PrivateBin / Directory

Rust based directory application to collect list of federated instances
https://privatebin.info/directory/
Other
25 stars 8 forks source link

Take changes of the robots.txt into consideration #15

Closed elrido closed 4 years ago

elrido commented 4 years ago

So we have currently one instance in the directory that at this time has a robots.txt that announces (as per #3) that it doesn't want to be included in the directory. In the cron log it causes a message like this:

Instance https://example.com failed to be checked with error: Web server on URL https://example.com doesn't want to get added to the directory.

When investigating why this got added in the first place, I started a local instance using make run and tried to add it and it did get denied and refused to be added. The cron doesn't remove the instance later on, just detects this. This, obviously should be improved, as it is totally possible that an admin changes their mind and later wants their instance to be removed. The cron detecting this case, should trigger an instant deletion.
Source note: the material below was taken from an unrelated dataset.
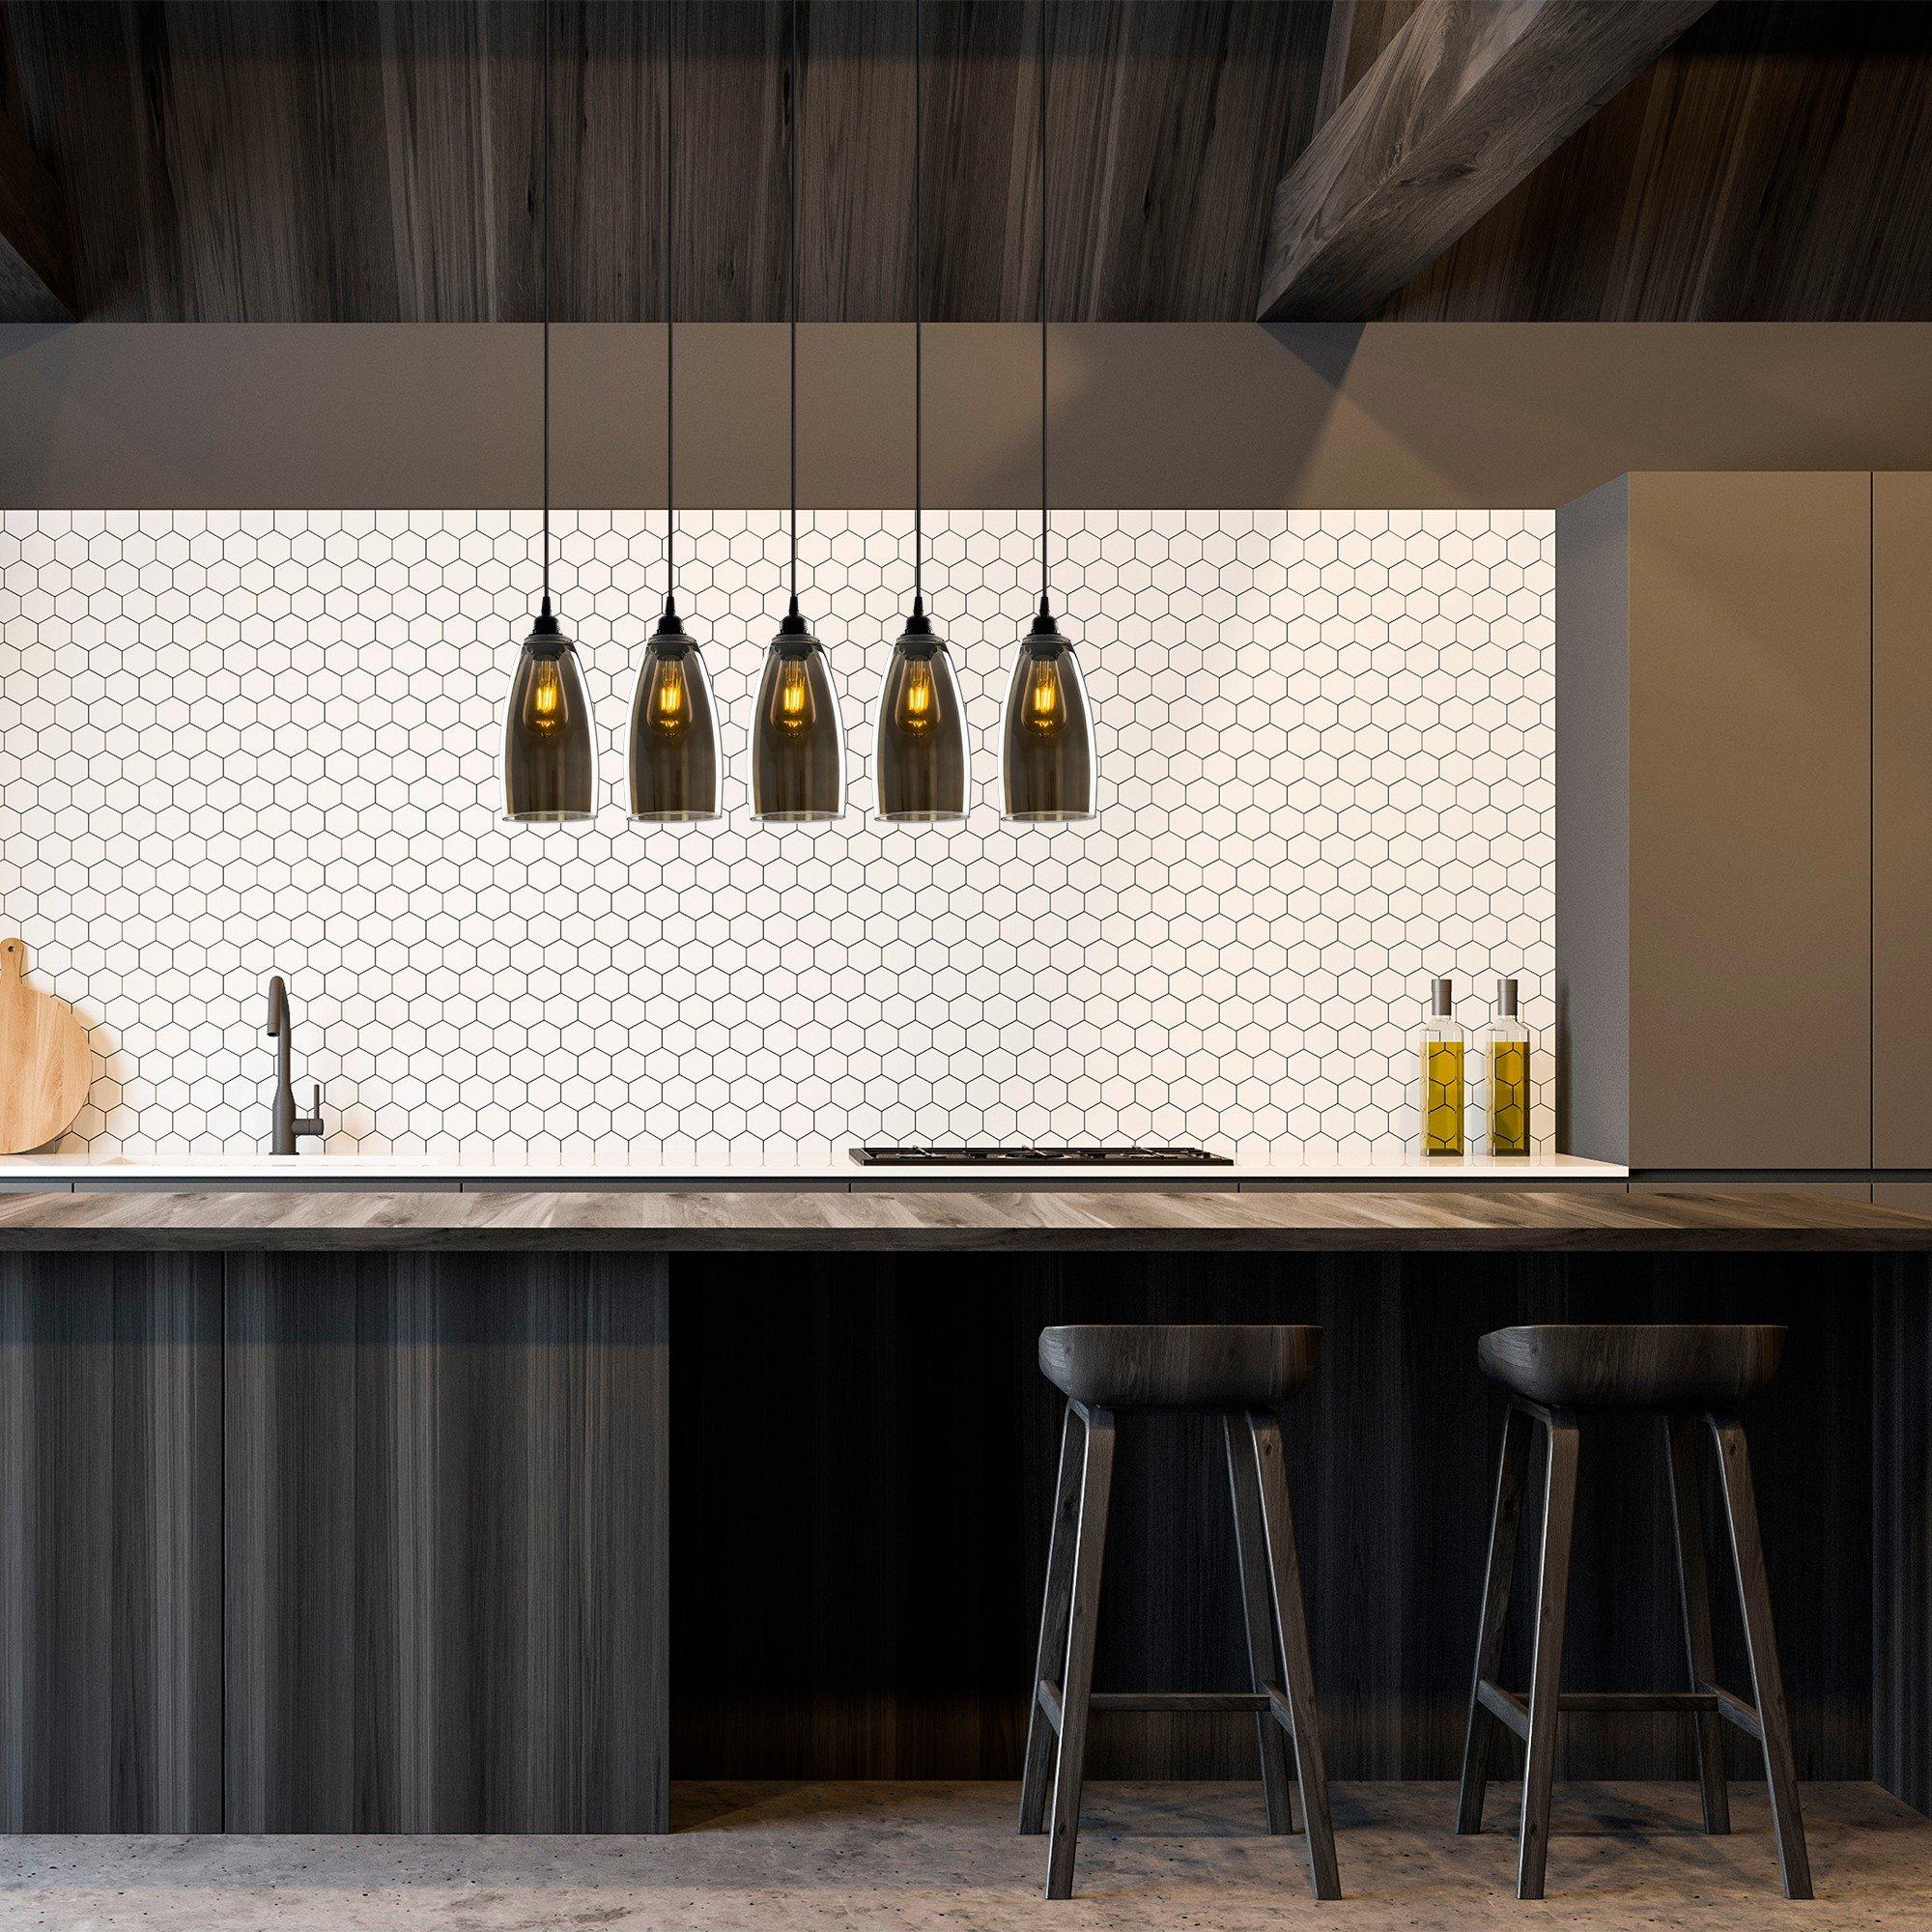 Hanglamp donker glas gerookt glas 5 keer E27 fitting - inrichting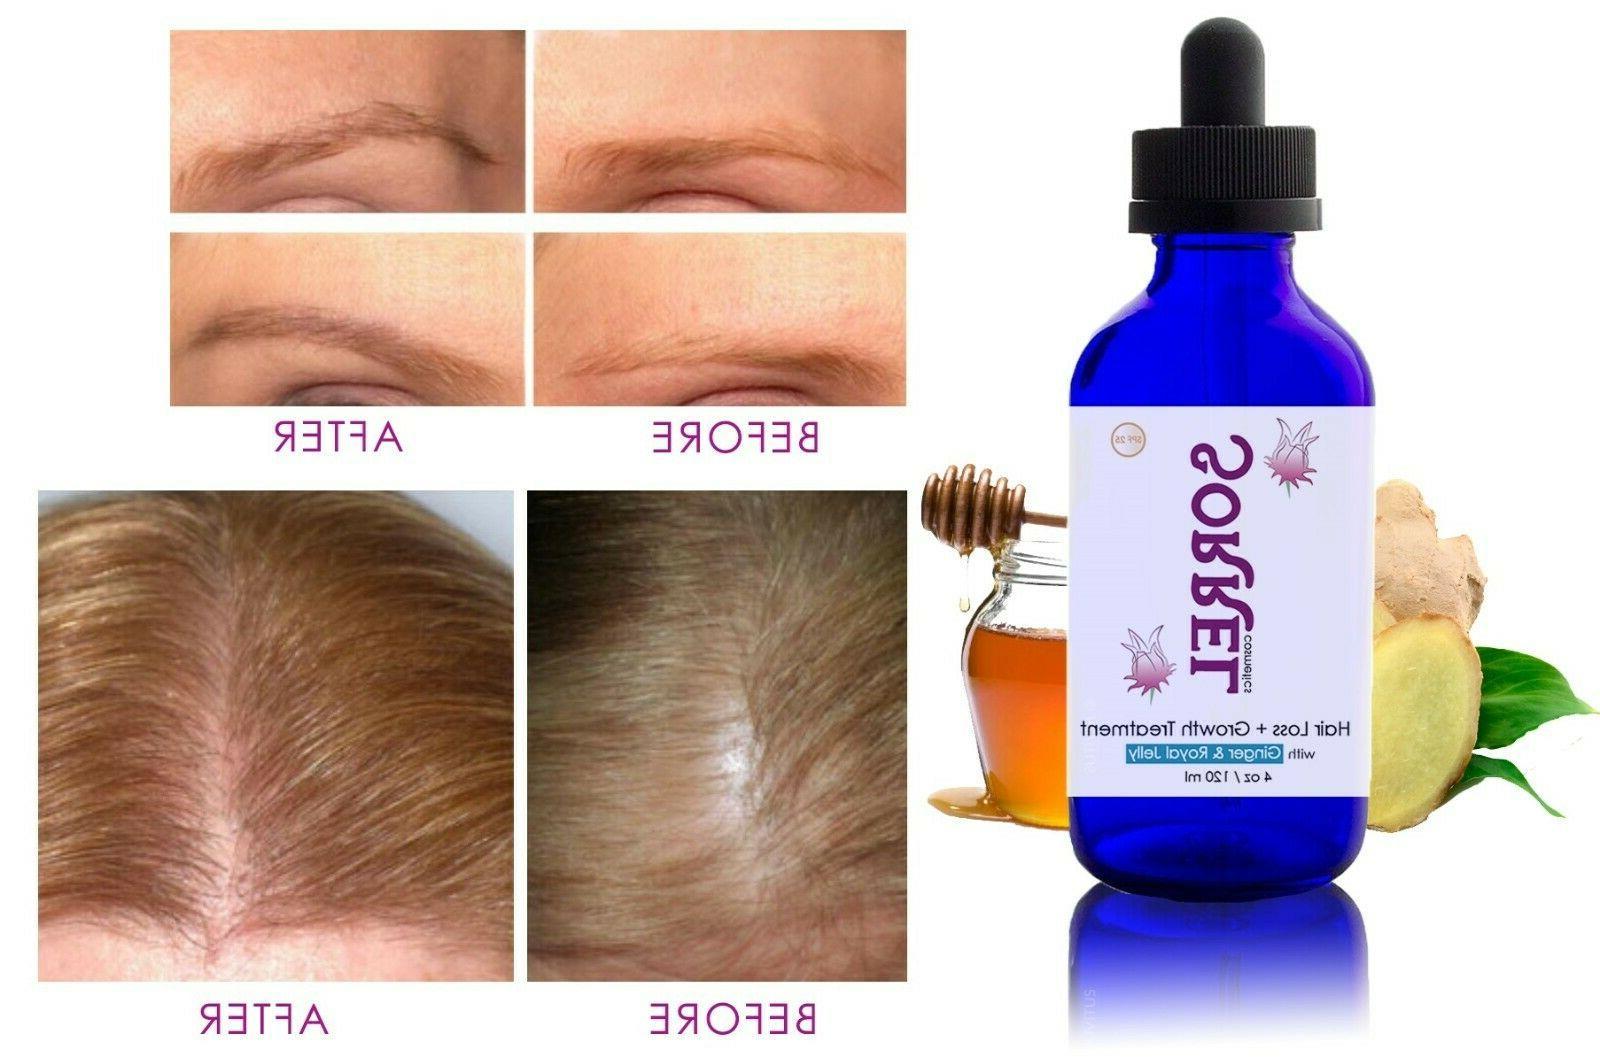 Anti Hair Loss Growth Treatment Dropper Women Men 4oz Thinni

I had removed the instance in question manually from the database and noticed that a few days later it had reappeared in the log. So someone adds it, but then why does it pass the test on the server initially, but gets denied later on and on my local test instance? Some more trials locally let me eventually reproduce the problem every few requests. The site uses cloudflare and my guess is, that in some requests I get a version of the robots.txt that allows the use and in some not, so maybe some cloudflare caches still serve the original version.

With the above described change, we will remove the instance eventually, but it may get readded a few more times, until the clownflare caches become coherent. If you run the instance in question and wondered about how it got added despite the robots.txt saying otherwise - Sorry about that!